The Snow Child questions

In what ways does the tale allude to (link to) other stories or fairy tales?
The Snow Child links to other short stories from the prose 'The Bloody Chamber' by Angela Carter, as it contains a dominant male figure who is wealthy and who obtains a powerful stance in society, alongside a young, vulnerable female character as in the other short stories like 'The Bloody Chamber' and 'The Courtship of Mr Lyon'. In this story, the count longs for a young girl with 'white skin, red mouth, black hair' which also relates to the fairy tale of 'Snow White', in which the appearance of the young princess in the tale, mirrors that of the pure, young girl in 'The Snow Child'. There is also a malevolent, devilish female character in most fairy tales, which wish to do harm to the young, innocent female character. 'The Snow Child' directly mirrors this, as the Countess seeks to find any way possible to get rid of the young girl and finally succeeds in her desire when the snow child 'pricks her finger on a thorn' and dies.
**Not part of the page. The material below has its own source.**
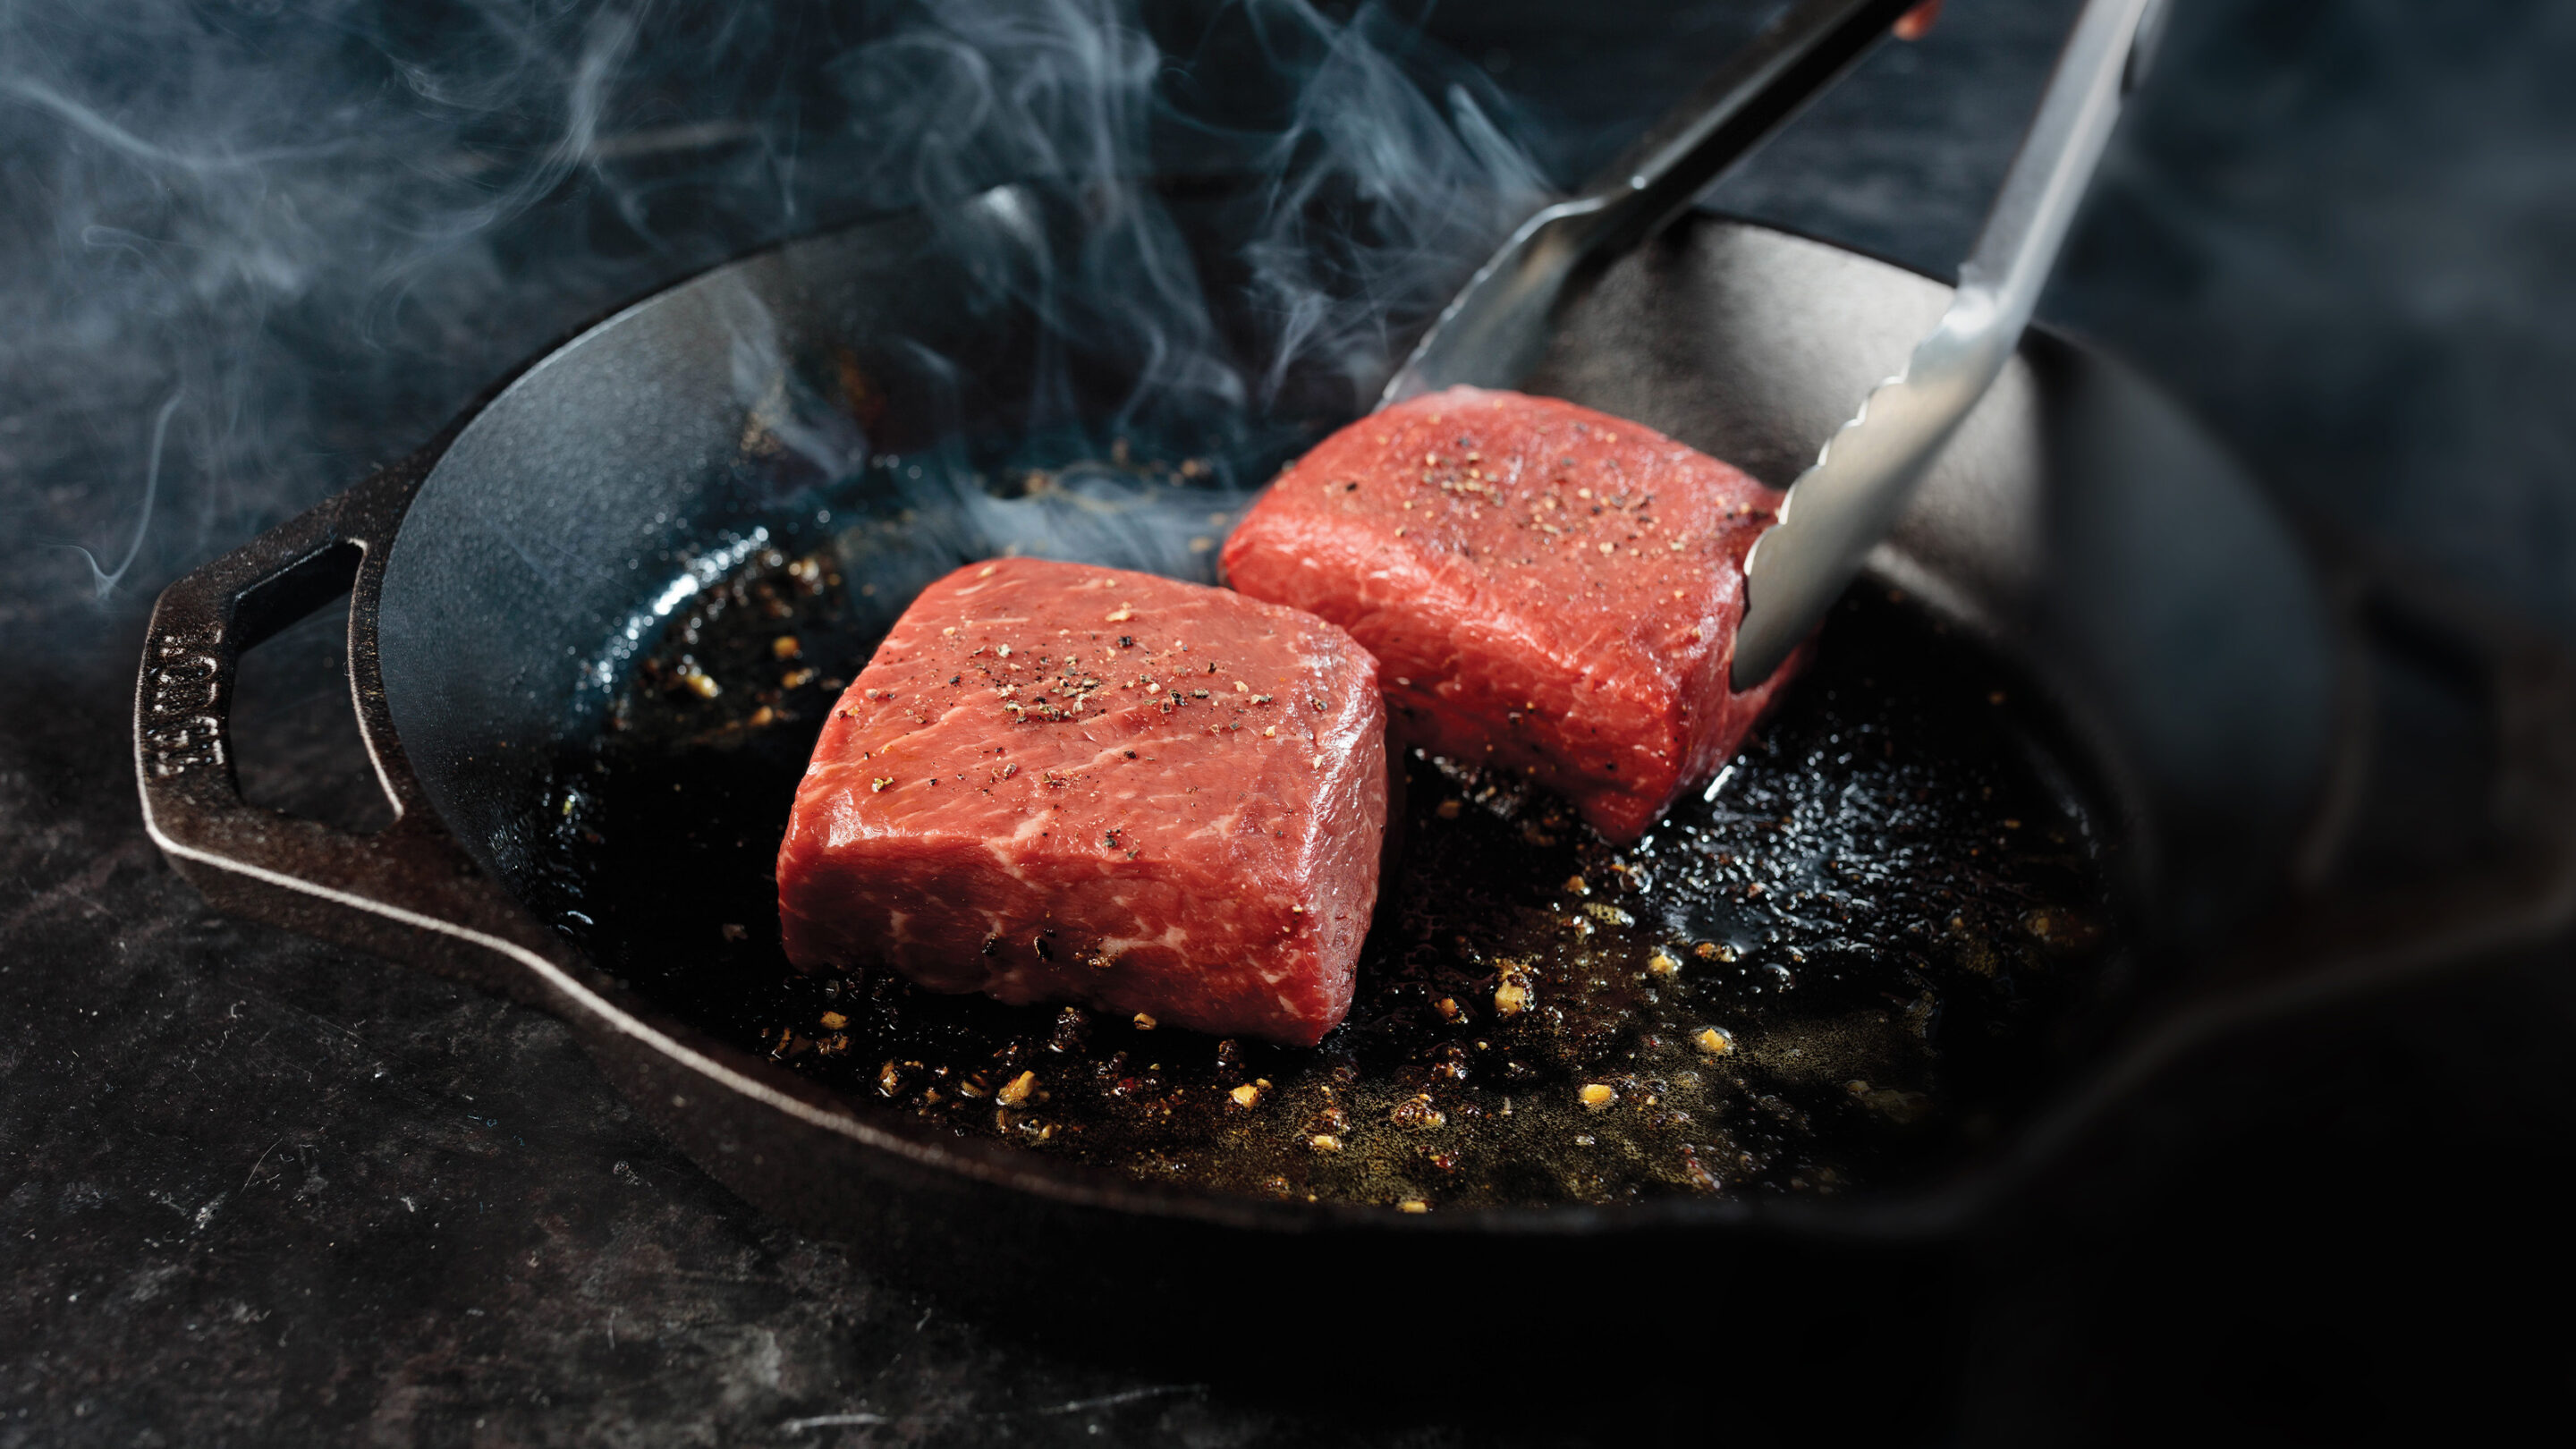 https://blog-content.omahasteaks.com/wp-content/uploads/2022/06/blogwp_unique-ways-to-cook-a-steak-scaled-1.jpg

How does this story link to the other stories in The Bloody Chamber collection?
The short story of 'The Snow Child' links to many other stories in Angela Carter's book of short stories, 'The Bloody Chamber'. It links to 'The Tiger's Bride' as the male character in both of the stories, look upon the young girl's based on their own sexual desire. In the Tiger's Bride, 'the beast' wants to 'see the pretty young lady unclothed nude without her dress' to satisfy his own desire of visual pleasure, similarly in The Snow Child, the Count views the young girl as his sole desire, the female he has longed for and lusts for, yet, unlike in The Tiger's Bride, the Count gains desire from 'thrusting his virile member into the dead girl' (raping the girl) instead of looking at her. The Snow Child also links to 'The Erl King' because again, both male characters sexualise the young females; The Erl King uses the girl as almost a sex slave when the Erl King 'lays her down on his bed of rustling straw where she lies at the mercy of his huge hands', likewise the Count in The Snow Child has sex with the naïve, innocent female.


The girl melts at the end.  Why do you think this is the case?  What do you think Carter could be trying to communicate?
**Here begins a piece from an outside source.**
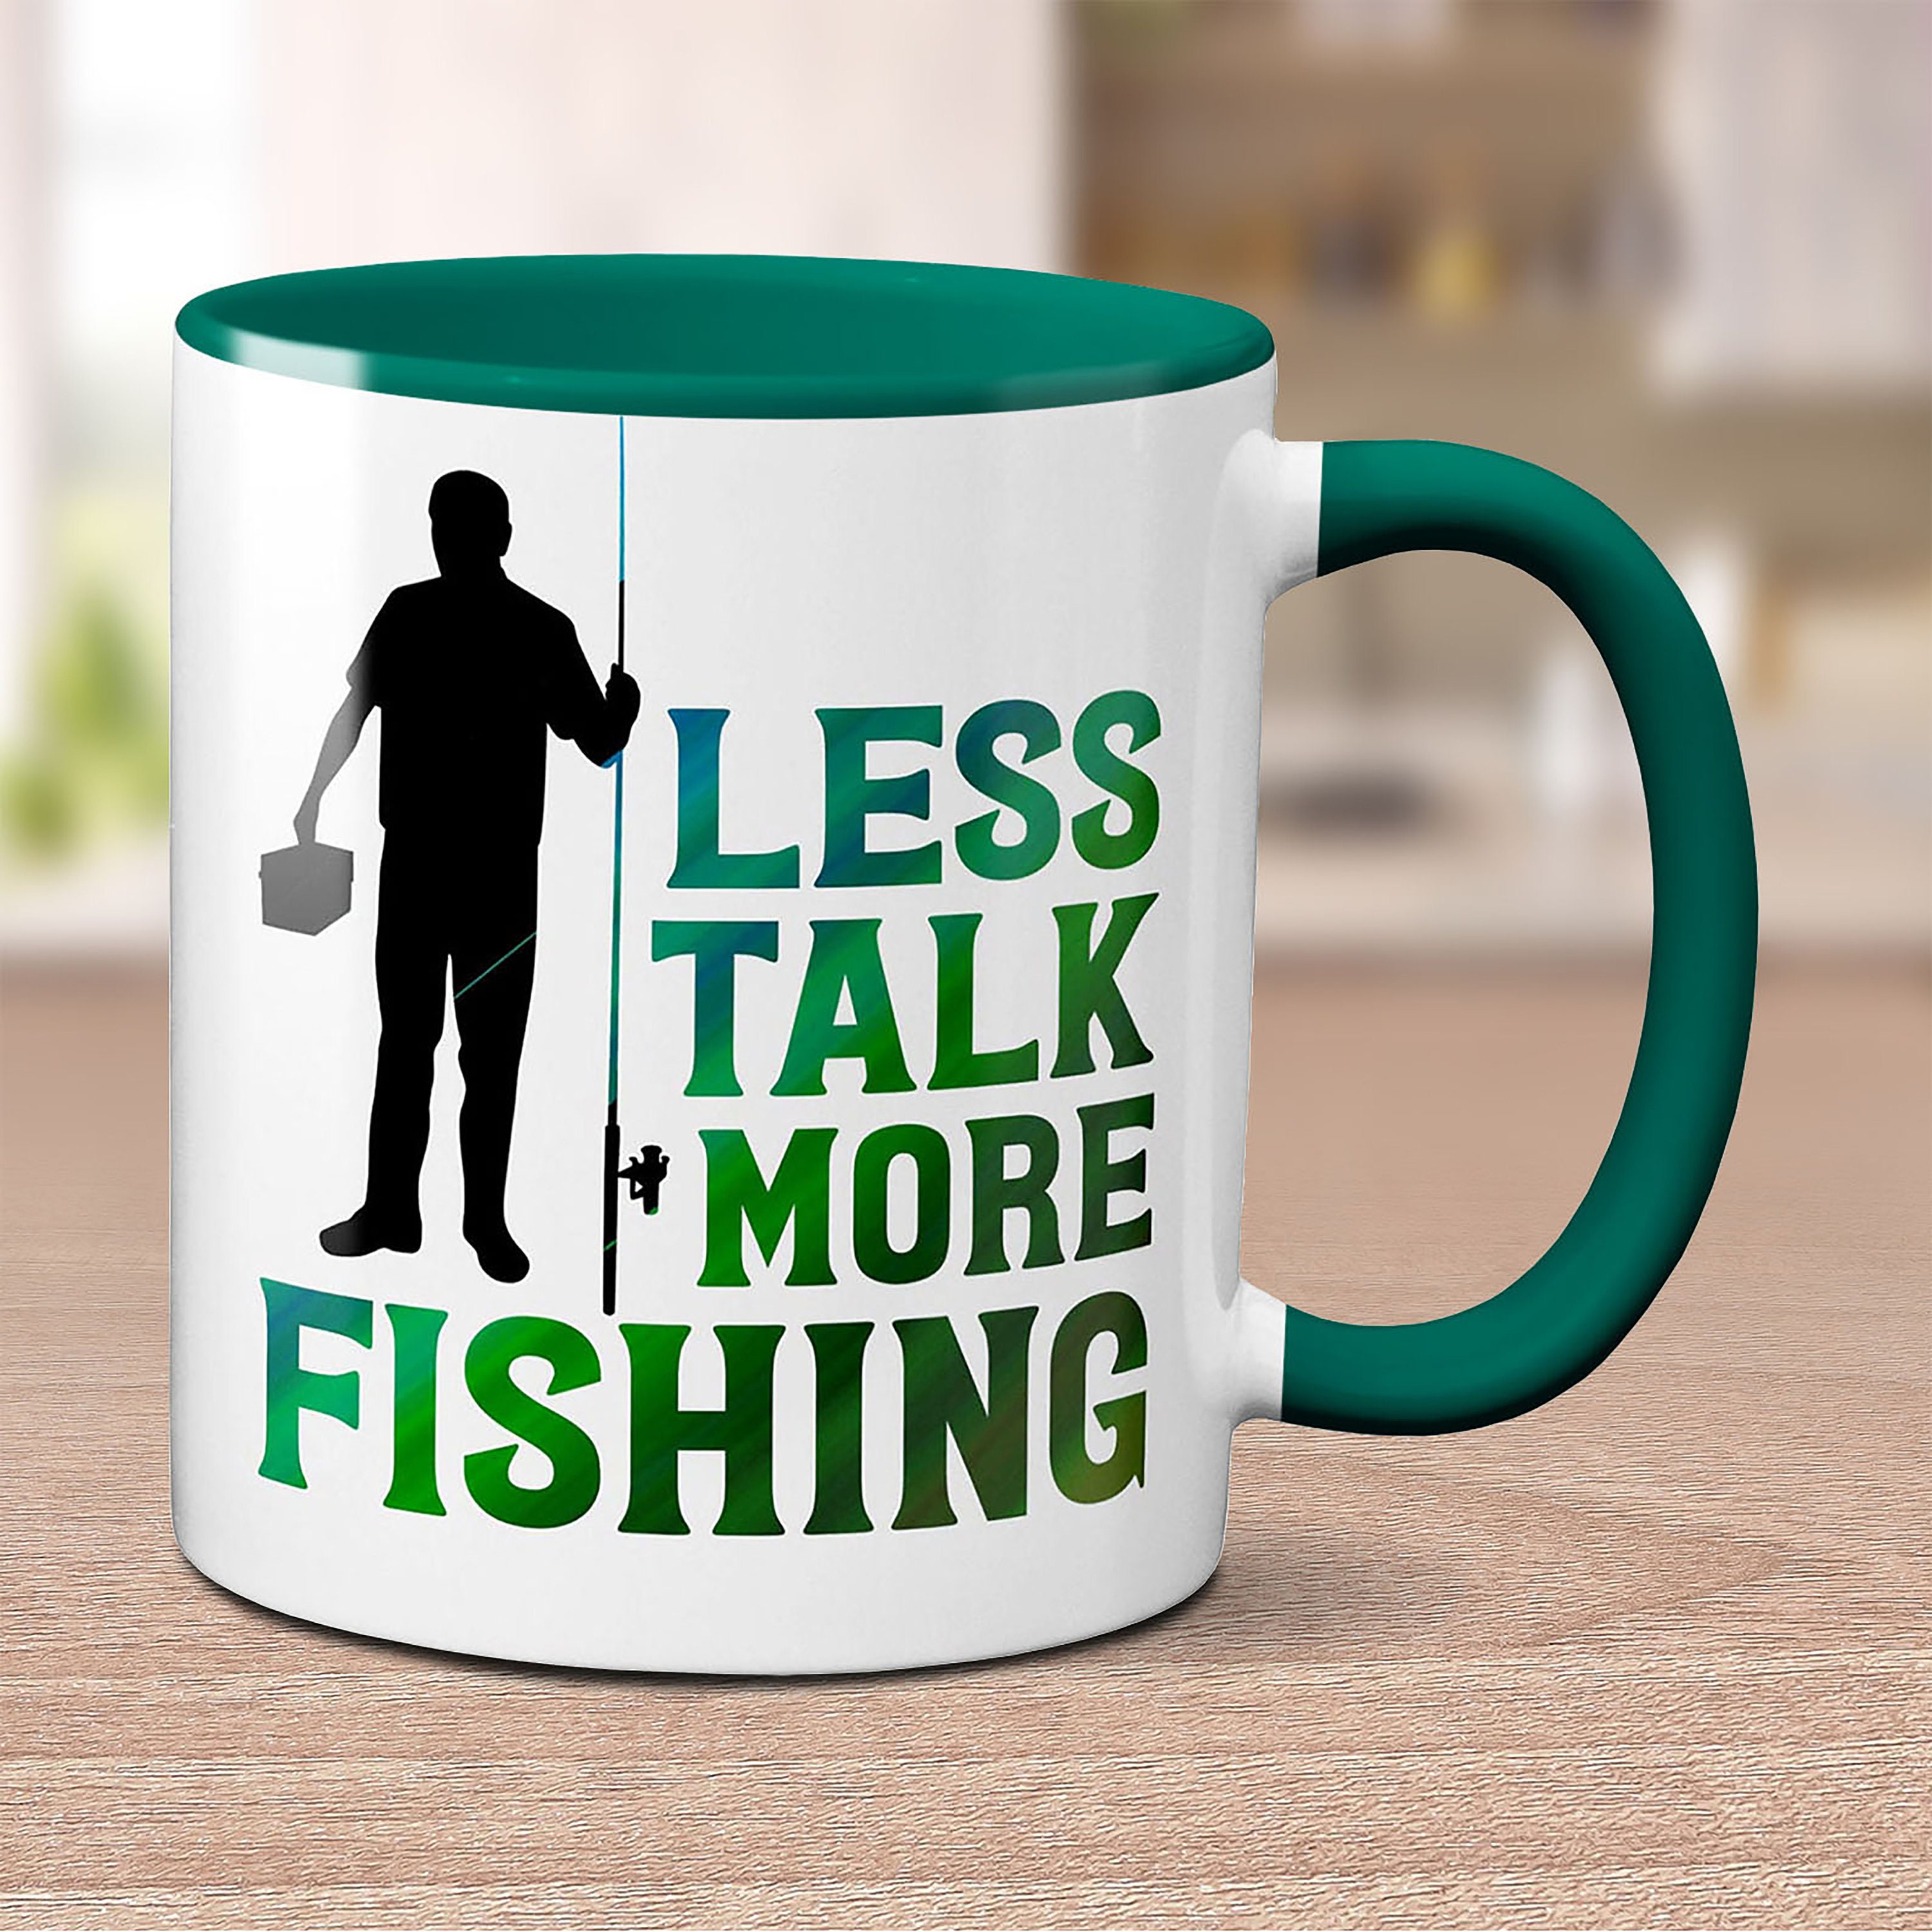 Fish Fishing Mug Personalized Gift for the Ultimate Fisherman

In 'The Snow Child', Carter presents the young girl as a symbol of purity due to her skin that is 'white as snow'. At the end the child 'began to melt', this could be to represent the washing away of her purity, innocence and virginity and as she's a symbol of purity 'there was nothing left of her' by the end of the prose, once she had been violated by the Count when he 'unfastened his breeches and thrust his virile member into the dead girl' all innocence that she ever possessed is crushed. Alternatively, she could be melting back into the snow, the place in which she was created based upon the dream of the Count to have a girl 'as white as snow', therefore she would not have been real, either a figure of imagination, illusion or sorcery.
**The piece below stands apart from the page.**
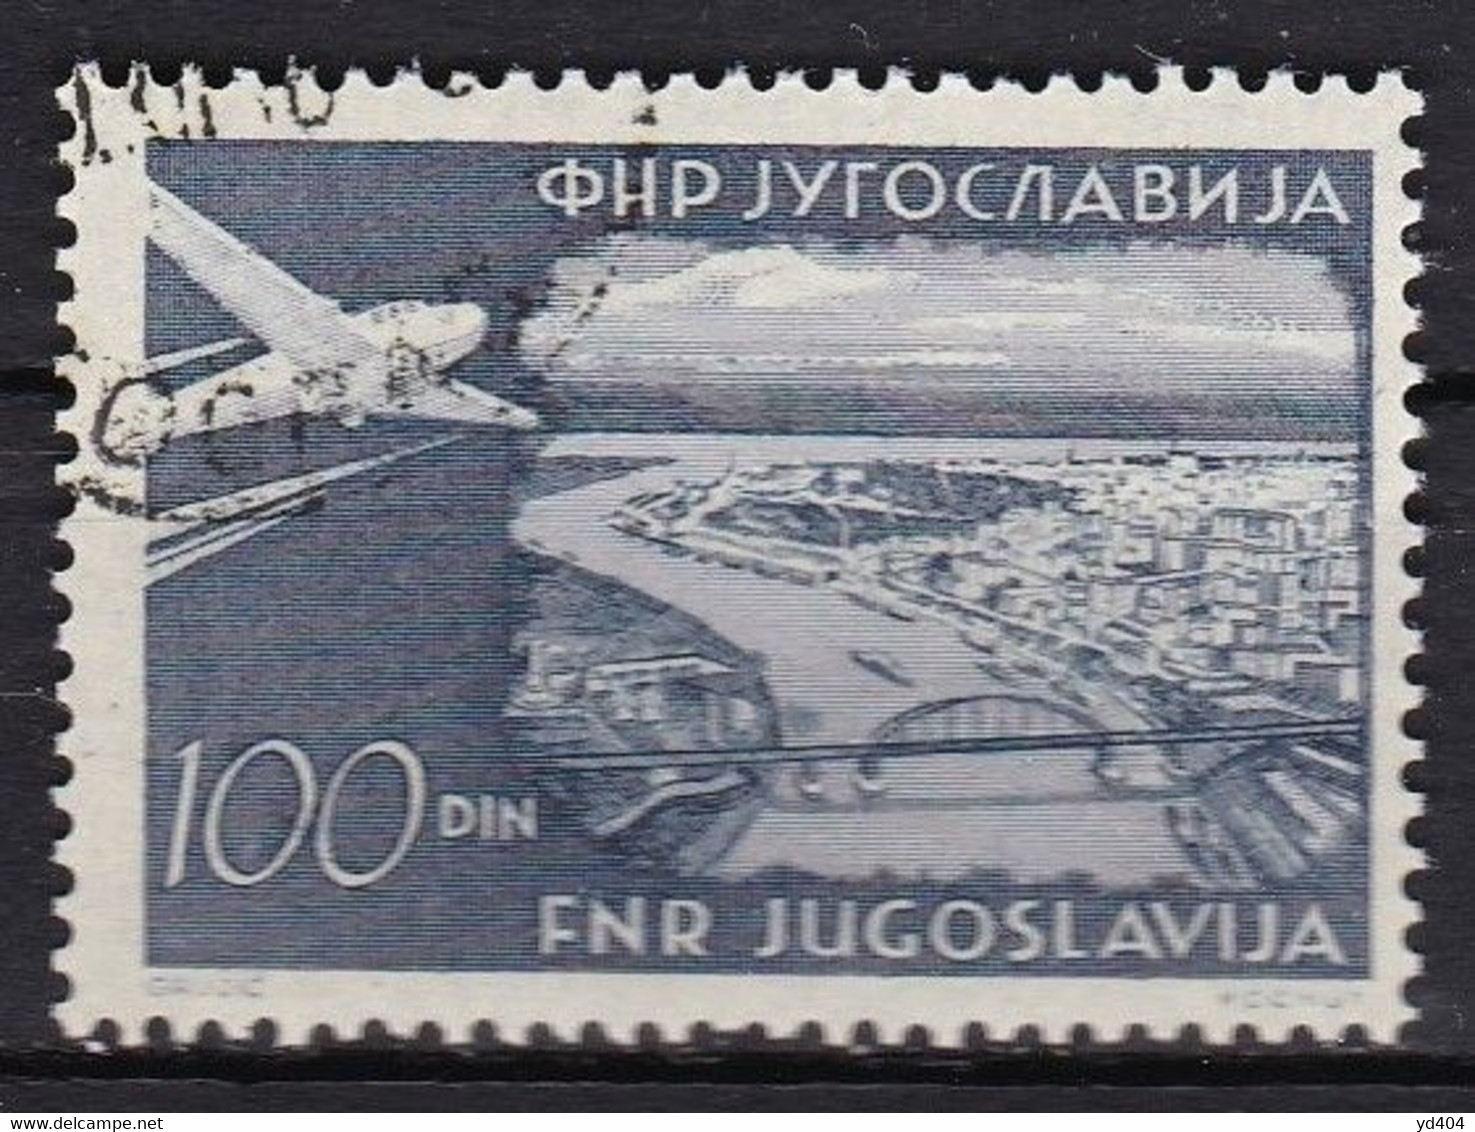 YU409 – YOUGOSLAVIA – AIRMAIL – 1951 – PLANE OVER BELGRADE – Y&T # 40 USED 22 € - Poste Aérienne

What do you think it means when the Countess says "It bites!" at the end?  What is "it"?
 Despite getting her wish of regaining the Count's attention, the Countess is 'bitten' by the rose when it pricks her finger. The rose is a symbolises femininity or the vaginal area, so when the Countess thinks 'it bites' it represents the suffering of every woman in every social class, as the elite cannot escape natural happenings.